In the case of Mona Hatoum, we considered how knowledge that she is a Palestinian woman who has lived in a number of countries affects how we perceive her work. Captions and discussions of her work frequently emphasize her nationality and the fact that she spent her childhood in Beirut. Once you know this fact, it is difficult (perhaps impossible) to see her work without this colouring the interpretation. Yet in the interview linked above she is very concerned (at least in relation to her early work) that people should have a sensual, bodily experience of her work as well as an intellectual one:
'the work that I wanted to make I wanted it to appeal to your senses first maybe or to somehow affect you in a bodily way and then the sort of connotations and concepts that are behind that work can come out of that original physical experience. This is what I was aiming at in the work. I wanted it to be experienced through the body. In other words I want work to be both experienced sensually and intellectually rather than just one dimensionally if you like.' (from an interview with John Tusa)
With the Picasso painting, knowledge both that it is an extremely valuable object, but also that it depicts a woman with whom Picasso was sexually obsessed (and who was seventeen when he met her) are hard to set aside...

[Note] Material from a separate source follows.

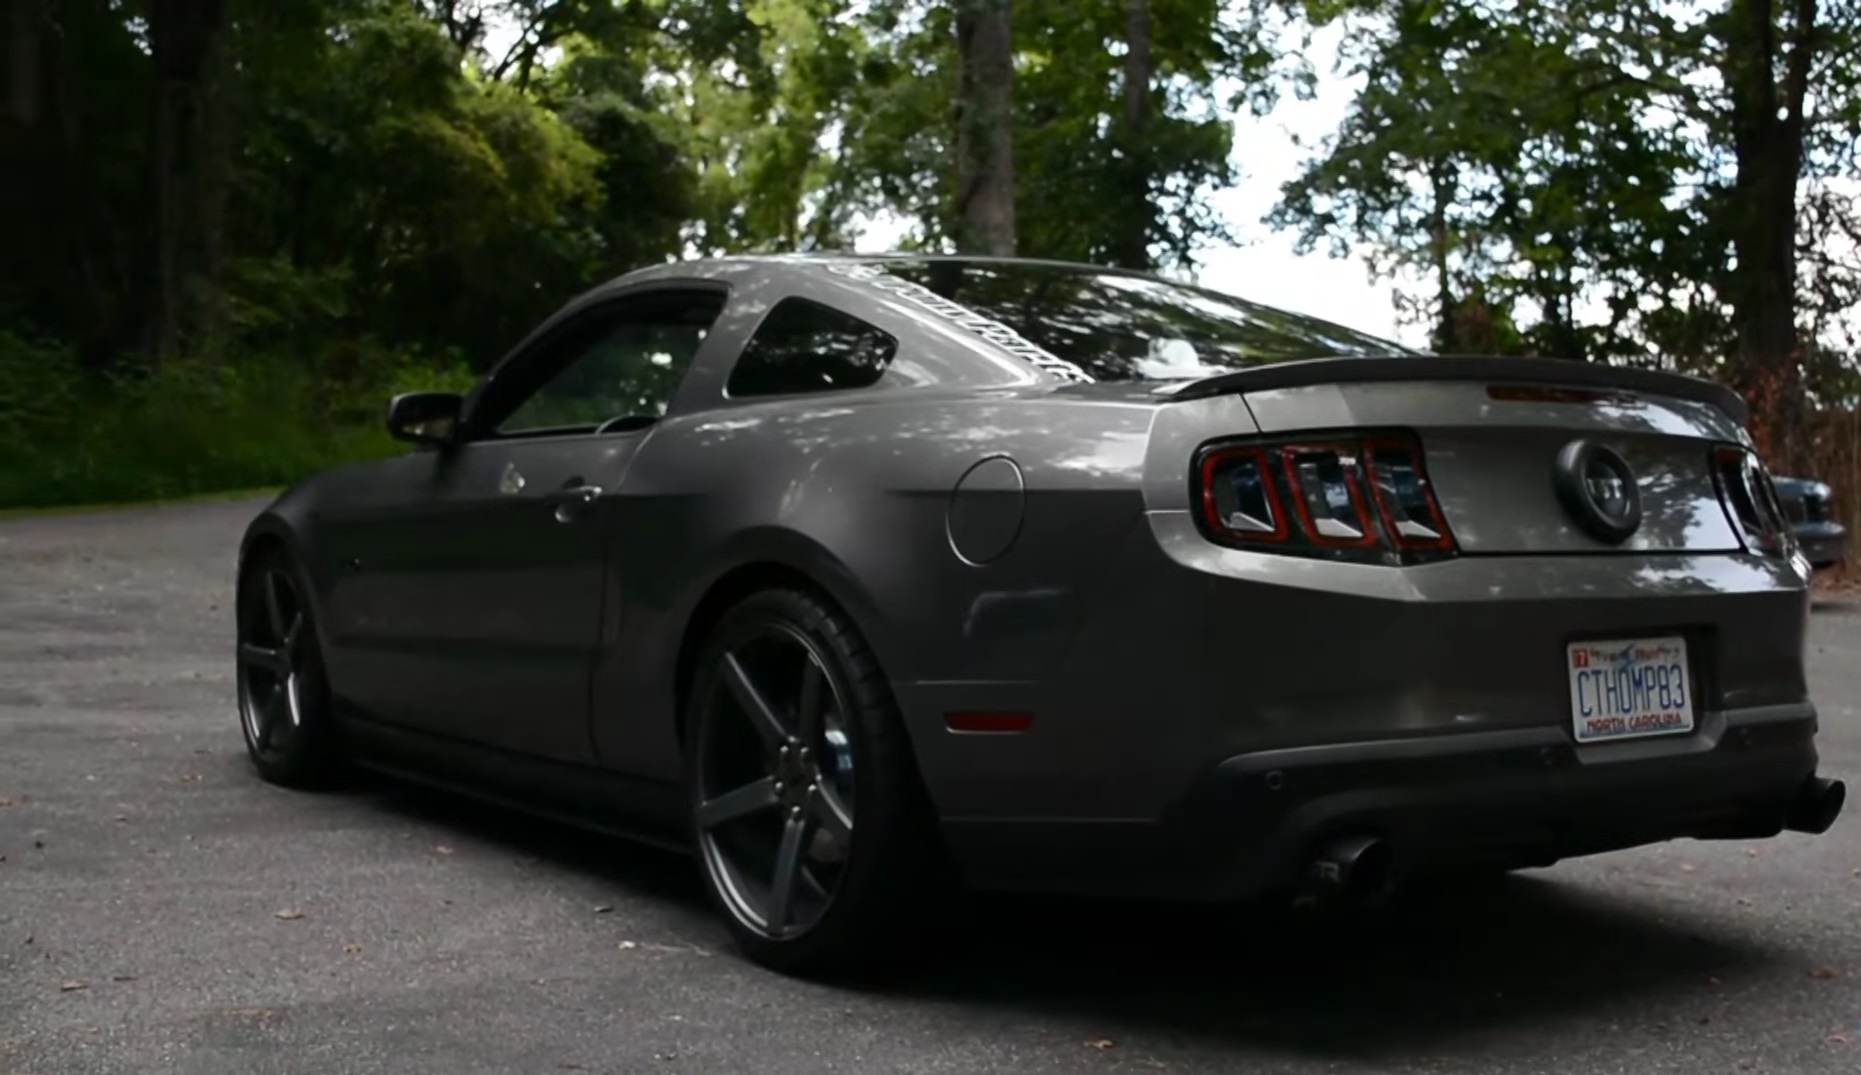 Video: 2012 Mustang GT 5.0 Review

In discussion several people raised questions about the curator's role in shaping what we see (notes and links from a previous course discussion of this topic are relevant), and more generally about the relevance of an artist's intentions in determining what we see (more notes and links relevant to this topic). In the interview with Mona Hatoum above, it is interesting in this context that she expressly discusses multiple interpretations of the work that transfigures domestic utensils:
'...it becomes a sort of threat as opposed to comfort and then makes you think about all the possible unpleasant things to do with home whether it's like the housewife or the woman feeling entrapped by domesticity, or whether it's to do with a condemned environment where the inhabitants have to flee, or an environment that is to do with incarceration as in being under house arrest, or the notion of the home denied. I mean there could be so many different readings, but basically what I like to do with these works is to like introduce a kind of disruptive element, physical or psychological element, that makes you question the whole environment.' (from the interview with John Tusa)

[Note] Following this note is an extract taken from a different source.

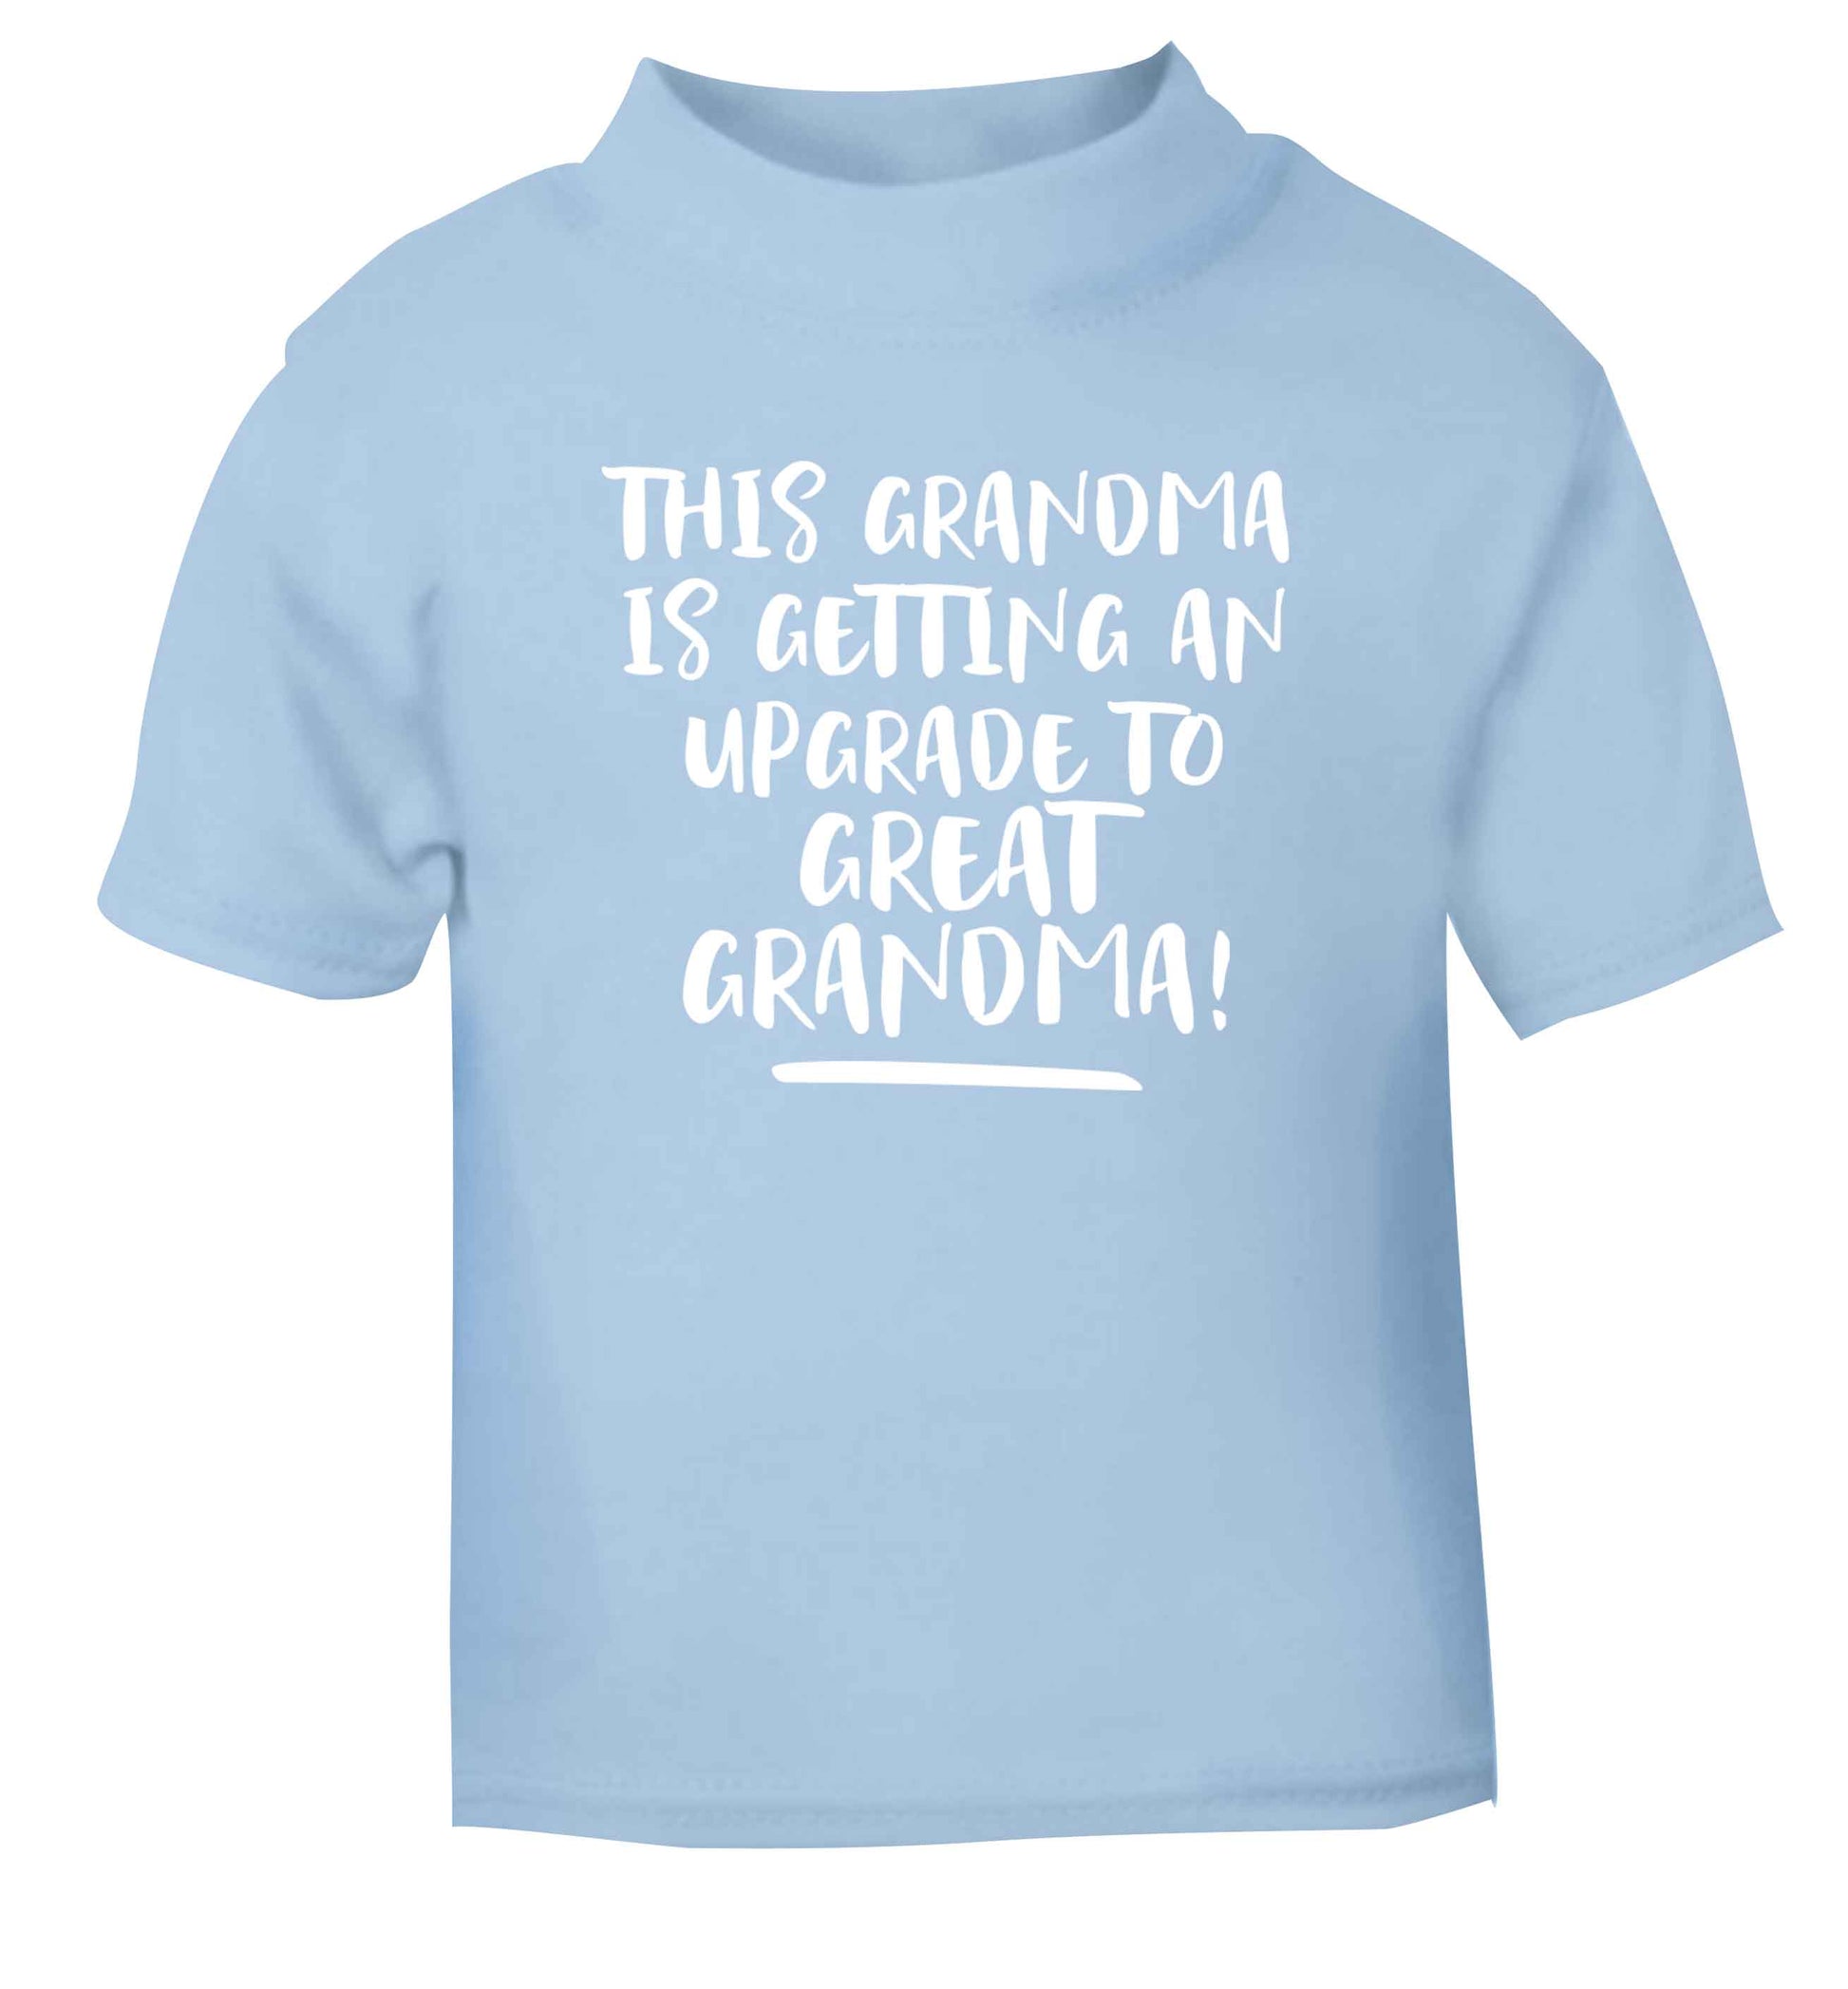 This grandma is getting an upgrade to great grandma! light blue Baby Toddler Tshirt 2 Years

Listen or read the entire interview for the interesting comments she makes about multiple meanings and the richness of artworks: 'the language of art is slippery' 'the meanings are never fixed', and the analogy she makes between a work of art and a mirror. (You might also look at a discussion from a previous course of questions about projective interpretation and alleged objective meanings of works of art).